How Virtual Machine data is stored and managed within a HPE SimpliVity Cluster – Part 6 – Calculating backup capacity

So far in this series, we have discussed how the HPE SimpliVity platform intelligently places vm’s and their associated data containers, and how these data containers are automatically provisioned and distributed across a cluster of nodes.

I have talked about data containers with regards to virtual machines, as in, data containers are constructs for holding all data (vm config and flat files) associated with a virtual machine as illustrated below 

data-container-contents


But what about backups ? how are they stored and managed ? Firstly lets look briefly look at the backup mechanism and types….

HPE SimpliVity Backups

HPE SimpliVity backups are independent snapshots of a virtual machine’s data container (at the time of backup) and are independently stored in the HPE SimpliVity object store.

They are not mounted to the NFS datastore until needed. These backups are stored in HA pairs and are kept on the same nodes as the virtual machine’s primary and secondary data containers to maximize de-duplication of data.

backups

This post will not explain how they are logically independent as explaining the concept would require a separate post in itself and will lead to other questions in regards to capacity management I often get asked.
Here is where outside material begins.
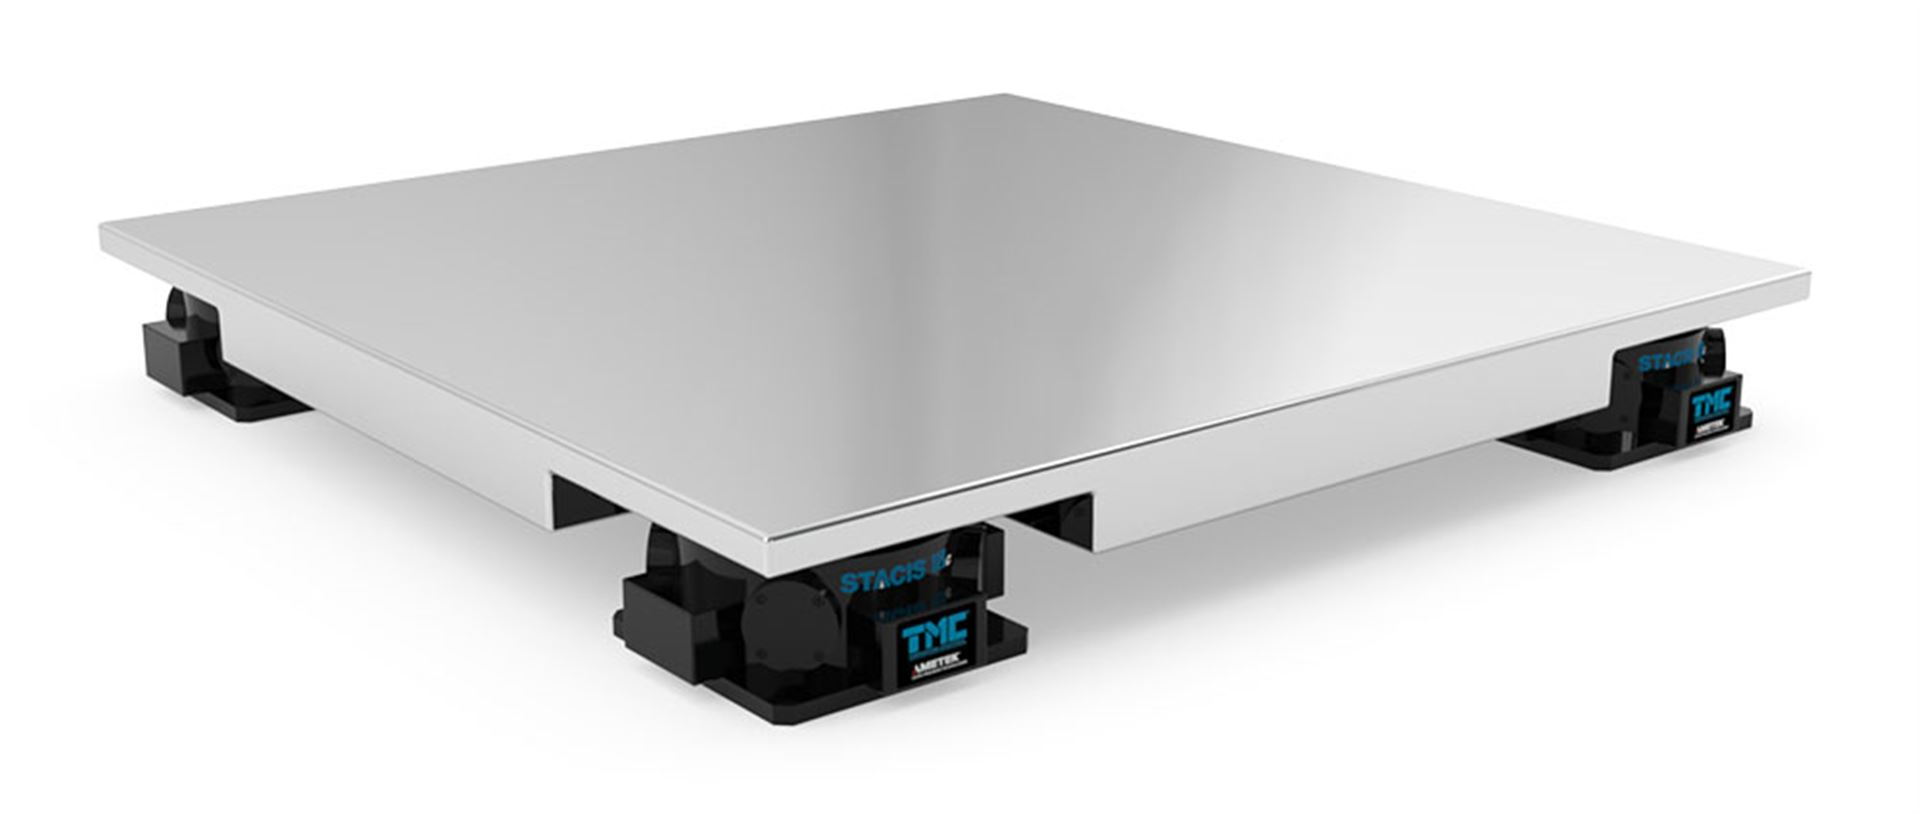 Neues TMC Produkt: STACIS Compact Quiet Island

In my next post I will look to explain how data containers are logically independent from each other which will lead us naturally into space reclamation scenario’s

HPE SimpliVity Backup Mechanism

The snapshot process is handled natively by the HPE SimpliVity platform  

  1. A point in time Data Container (Snapshot) is created locally.
  2. This is done by creating a new reference to the data container and incrementing reference counts in the Object Store of the source data container.
  3. No data writes are incurred, just metadata and index update operations.
  4. The extra reference allows for full de-duplication  

Backup Types

The HPE SimpliVity platform supports three flavors of snapshots and regardless of the backup type the end result is always the same, a HPE SimpliVity snapshot will be taken.

Crash consistent – The standard HPE SimpliVity backup. This is a snapshot of the Data Container at the time the backup is taken. This backup consists of only metadata and index update operations. No I/O to disk incurred making them nearly instantaneous.

Application consistent – This methods leverages VMware Tools to firstly quiesce the VM prior to taking a HPE SimpliVity snapshot (default for Application Consistent option). Select the Application Consistent option when opting for application consistent backups (when creating or editing a policy rule)

  • Firstly, a VMware Snapshot is taken. Outstanding I/O flushed to the disk via VMware tools commands. The VM is now running off a snapshot.
  • A Point in time HPE SimpliVity snapshot is taken of the Data Container (Standard HPE SimpliVity Backup)
vCenter Tasks highlighting the VMware Snapshot Process (Note: this process completes completes before HPE SimpliVity Snapshot is taken)

Note: The restored VM will also contain the VMware Snapshot file (as we take the HPE SimpliVity Snapshot after the VMware Snapshot is taken) thus, the VM should be reverted prior to powering on to ensure the VM is fully consistent (as any I/O performed after the VMware snapshot is was not flushed)

Remember to revert any VMware Snapshots when restoring a HPE SimpliVity Application Consistent Backup

Application consistent with Microsoft VSS – Standard HPE SimpliVity Backup with Microsoft Volume Shadow Copy Service (VSS)

MS-VSS uses application-specific writers to freeze an application and databases, and ensures that all the data transferring from one file to another is captured and consistent before the HPE SimpliVity backup is taken.

SQL Server 2008 R2, 2012, 2014 and 2016 are supported VSS applications. and Windows Server 2008 R2, 2012 R2, and 2016 are supported VSS operating systems.

Guidelines and full steps on how to enable (and restore) VSS backups are outlined in the HPE SimpliVity administration guides

Select the Microsoft VSS option when opting for application-consistent backups (when creating or editing a policy rule)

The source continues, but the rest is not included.